General information
- Location: Wixford, Stratford-on-Avon England
- Coordinates: 52°11′22″N 1°52′32″W﻿ / ﻿52.1895°N 1.8756°W
- Grid reference: SP085545
- Platforms: 1

Other information
- Status: Disused

History
- Original company: Evesham and Redditch Railway
- Pre-grouping: Midland Railway
- Post-grouping: London, Midland and Scottish Railway London Midland Region of British Railways

Key dates
- 17 September 1866: Opened
- 2 January 1950: Closed

Location

= Wixford railway station =

Former railway station in Warwickshire, England

Wixford railway station was a railway station serving Wixford, a village in the English county of Warwickshire. Located on the edge of the village it was accessed by steps down from a bridge carrying the B4085 (Icknield Street).

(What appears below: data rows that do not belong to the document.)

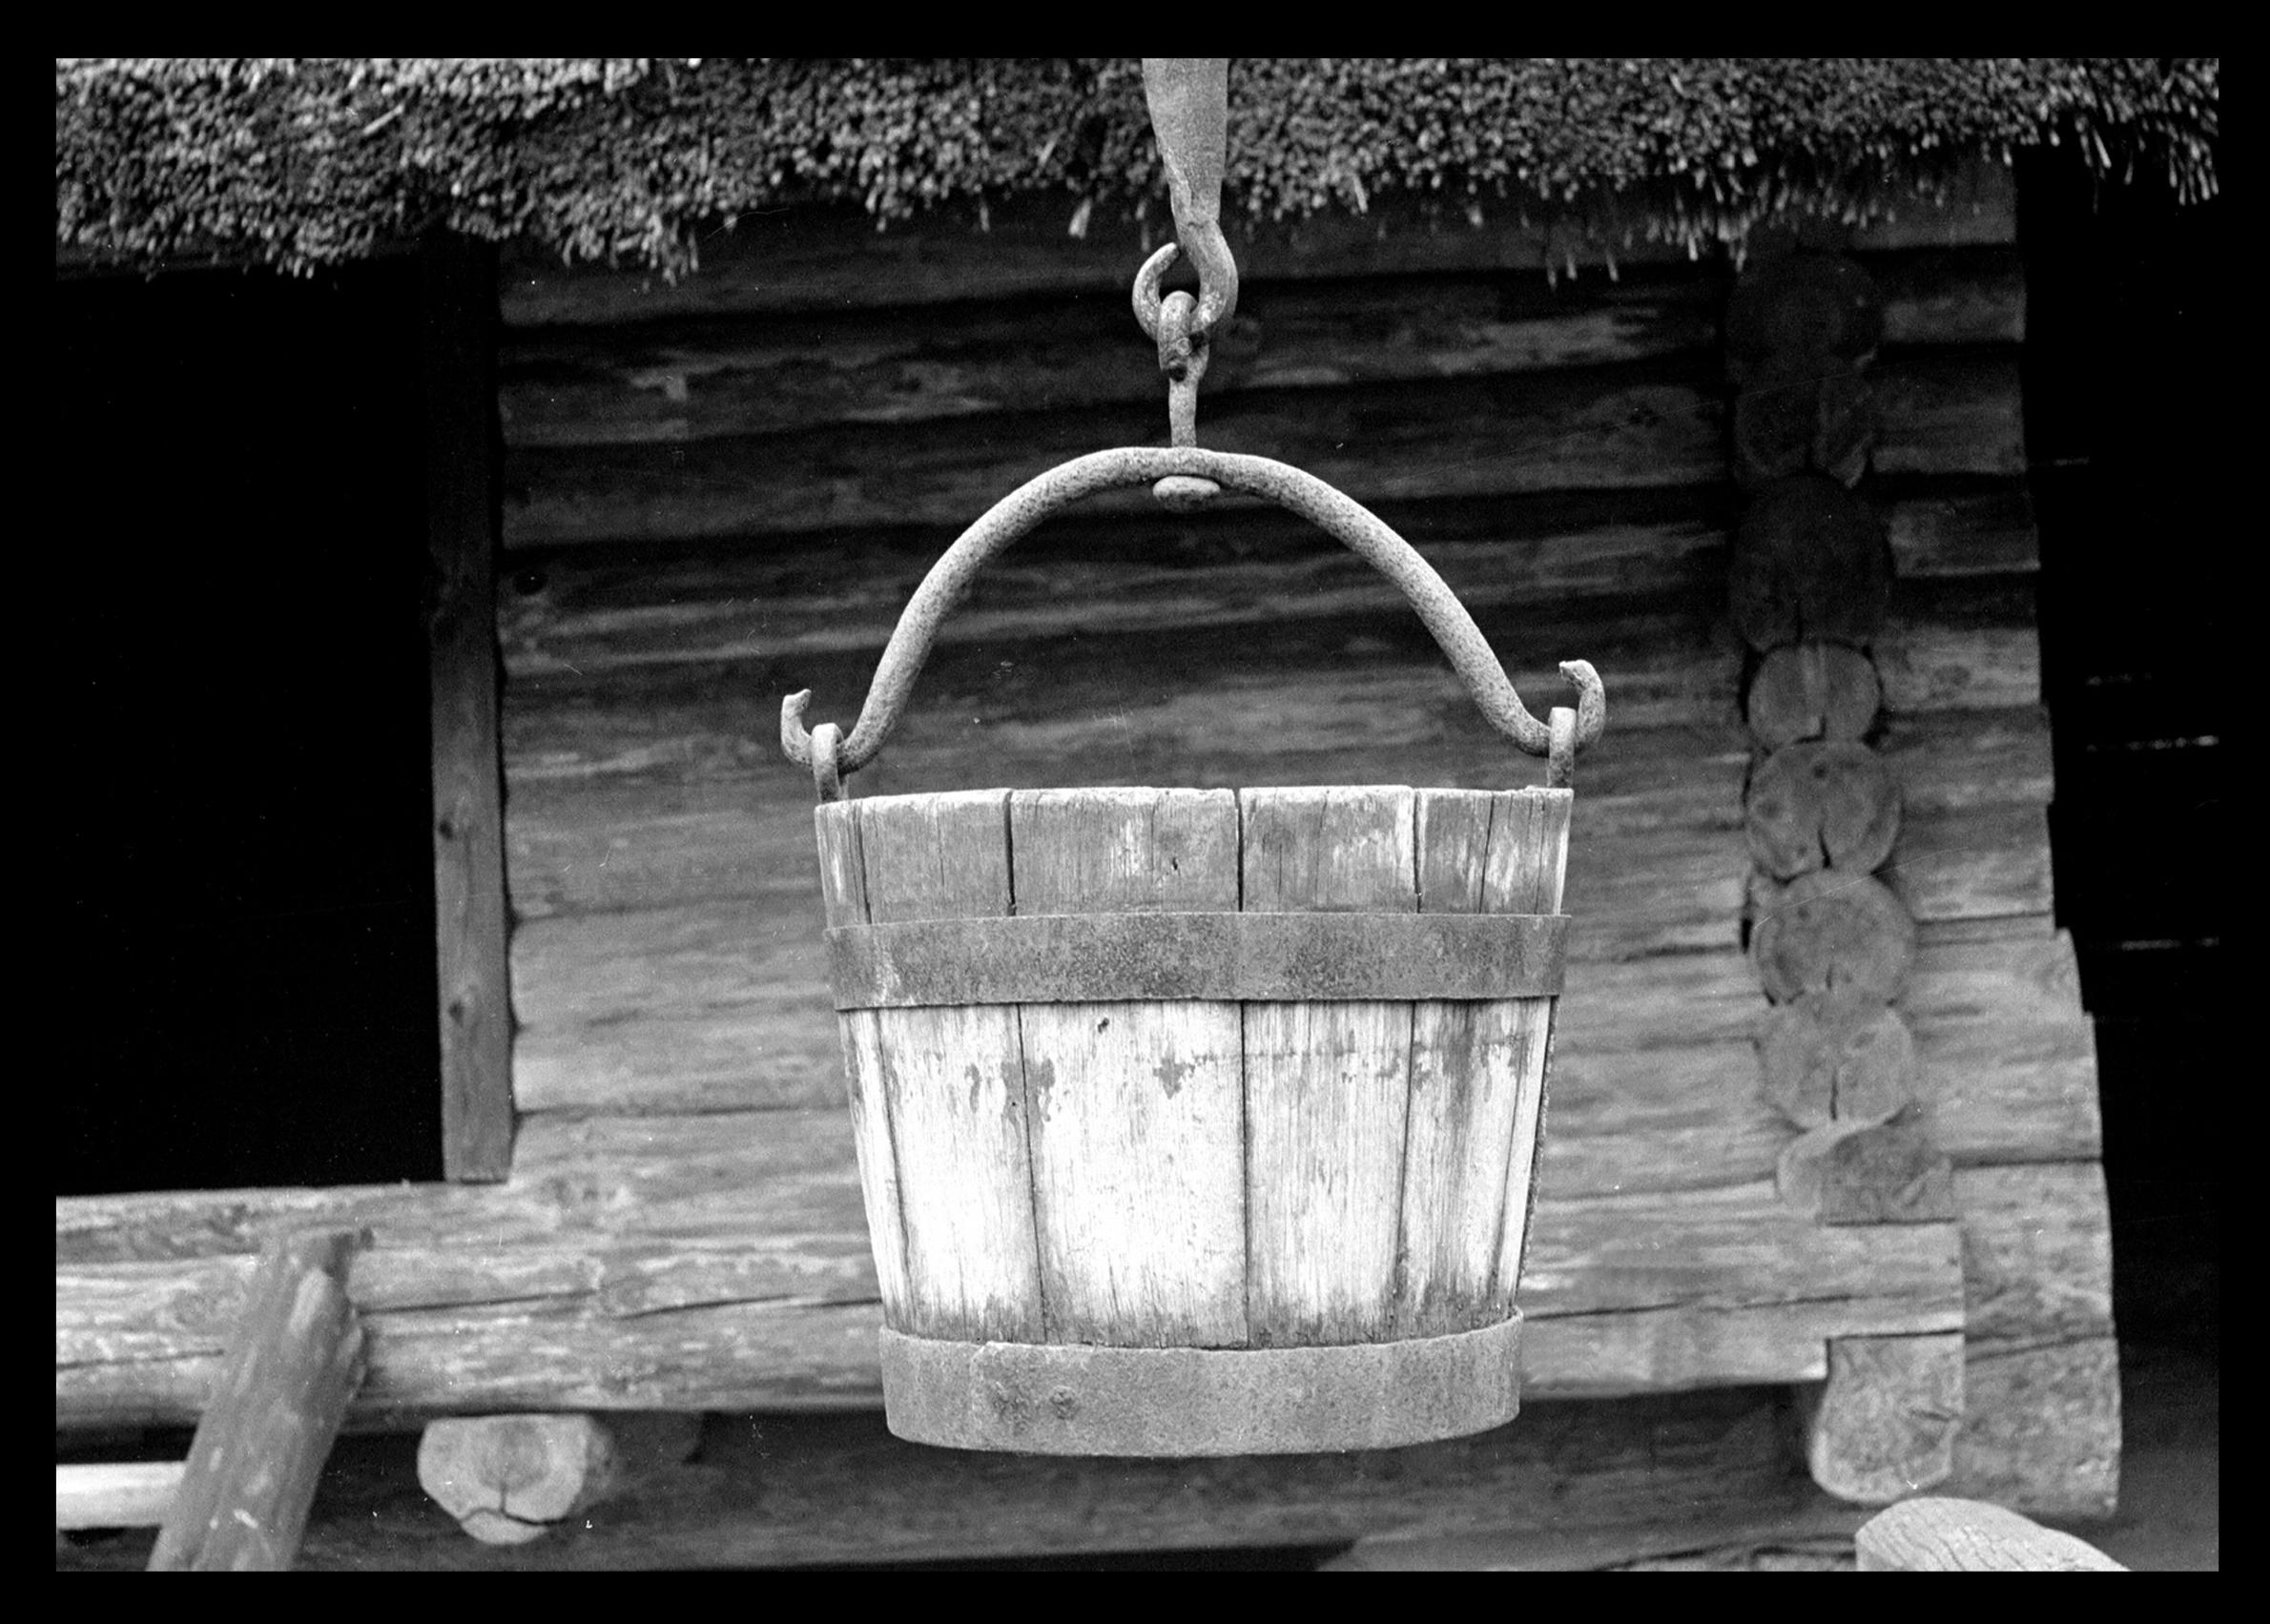 Рига. Ковш для воды в музее под открытым небом.jpg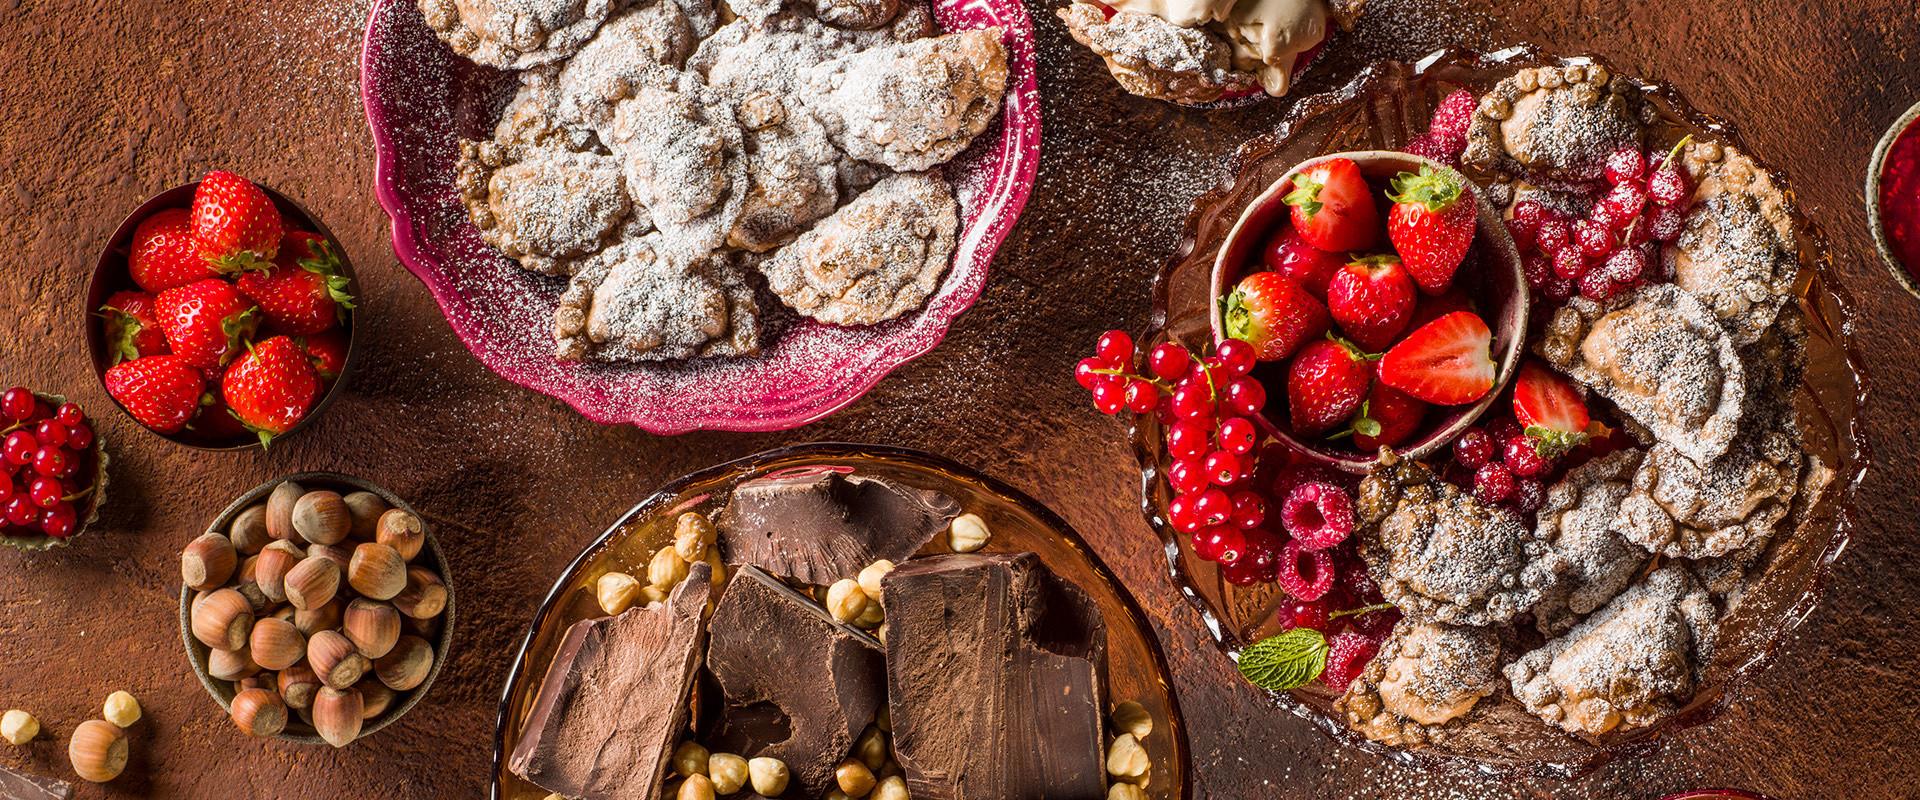 IT-ricette-ravioli-cioccolato-gran-banchetto-D.jpg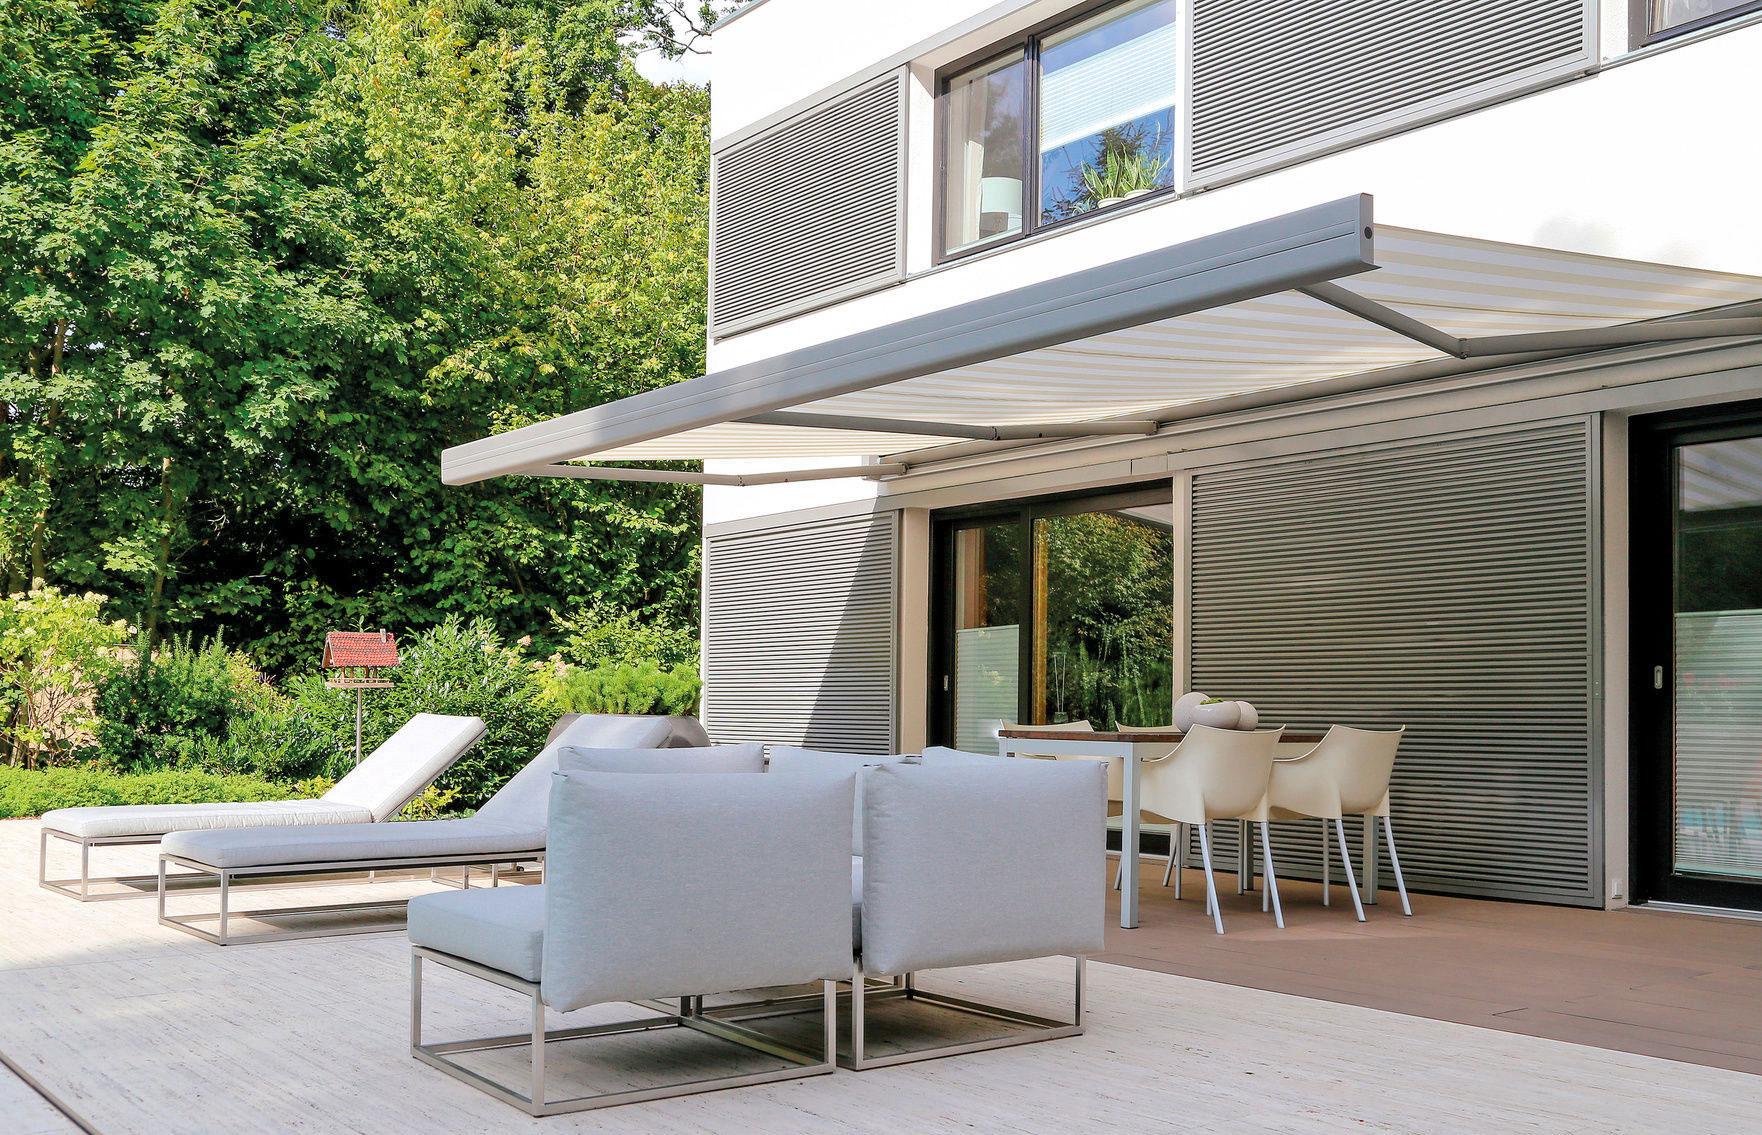 sonnenschutz f r drau en thoms sonnenschutztechnik gmbh m nchen haar. Black Bedroom Furniture Sets. Home Design Ideas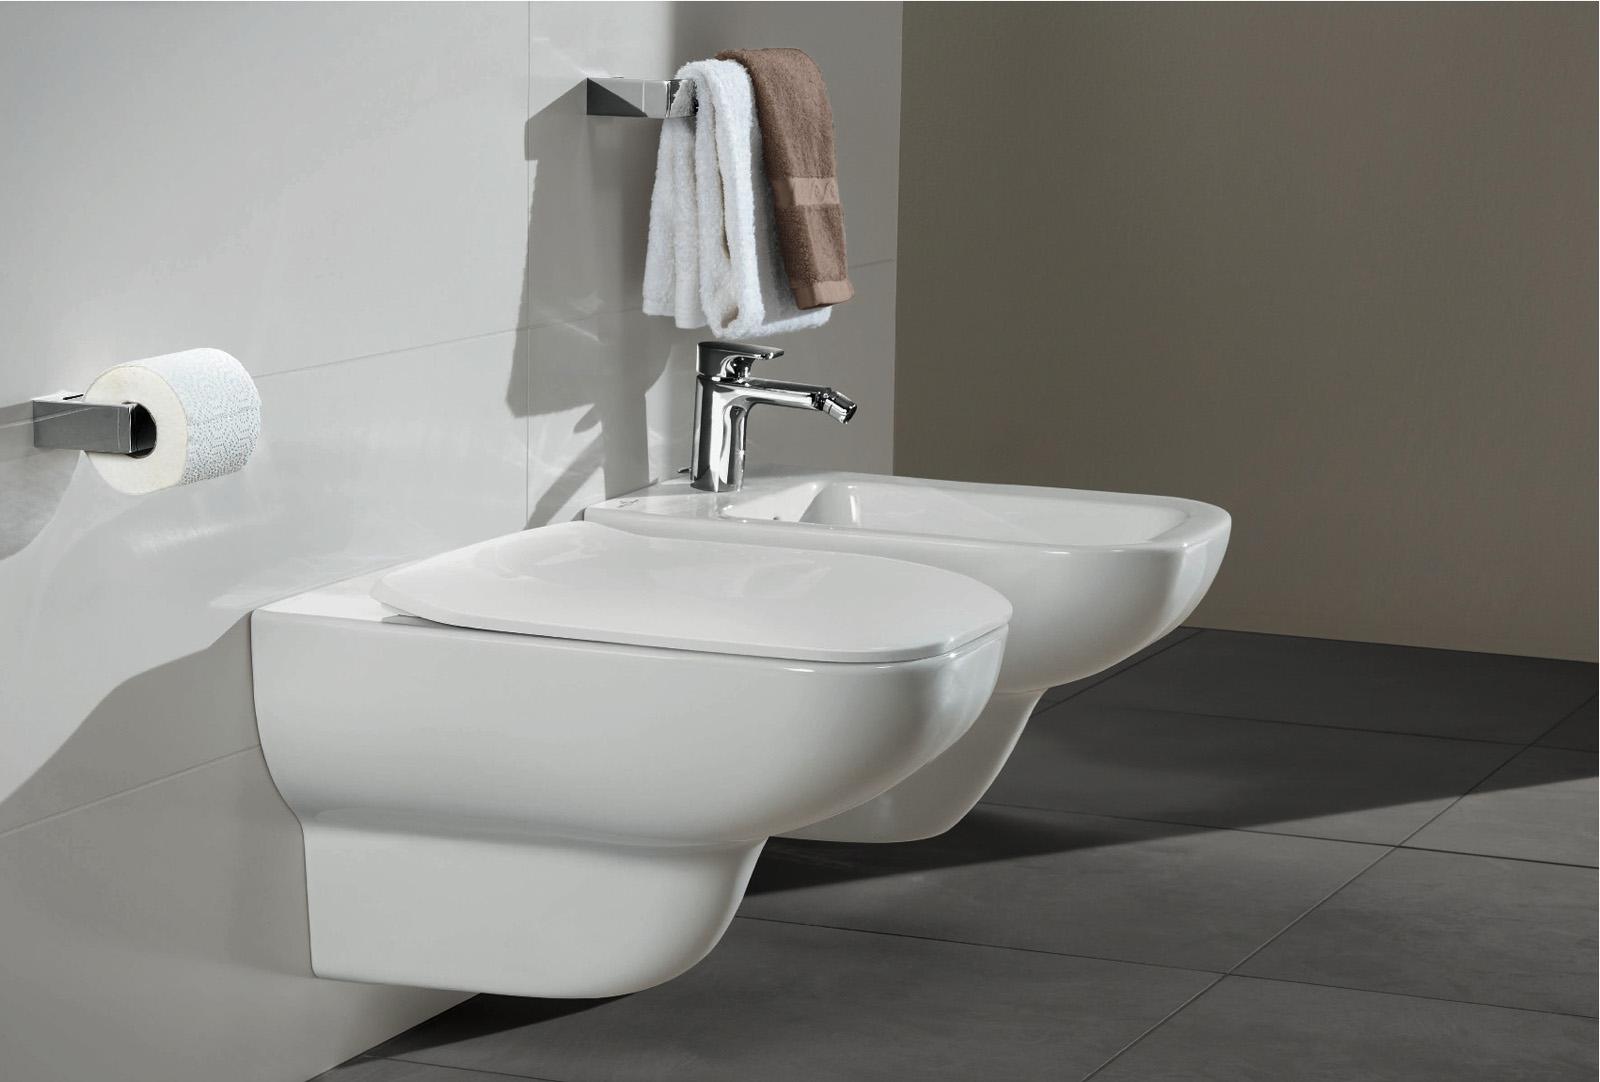 sanitari dolomite ~ Comarg.com = Lussuoso Design del Bagno con ...

Opened 17 September 1866 the station was originally going to be a temporary one but was eventually made permanent by the Midland Railway. From the start the station was staffed from a small wooden hut which included the waiting room and toilet. As well as the hut there were lampposts for lighting and a bench. There was a single track siding which included a loading gauge, portable livestock ramp and a small goods shed.

Aside from a short period in 1901 when the nearby River Arrow flooded and damaged the line, the station remained open through to 1950. Passenger and freight services ended on the same day that year, although the line was operational for several years afterwards before being closed in 1962 and lifted in 1965. The station site is still accessible and although the track bed is completely covered there are remains of the platform.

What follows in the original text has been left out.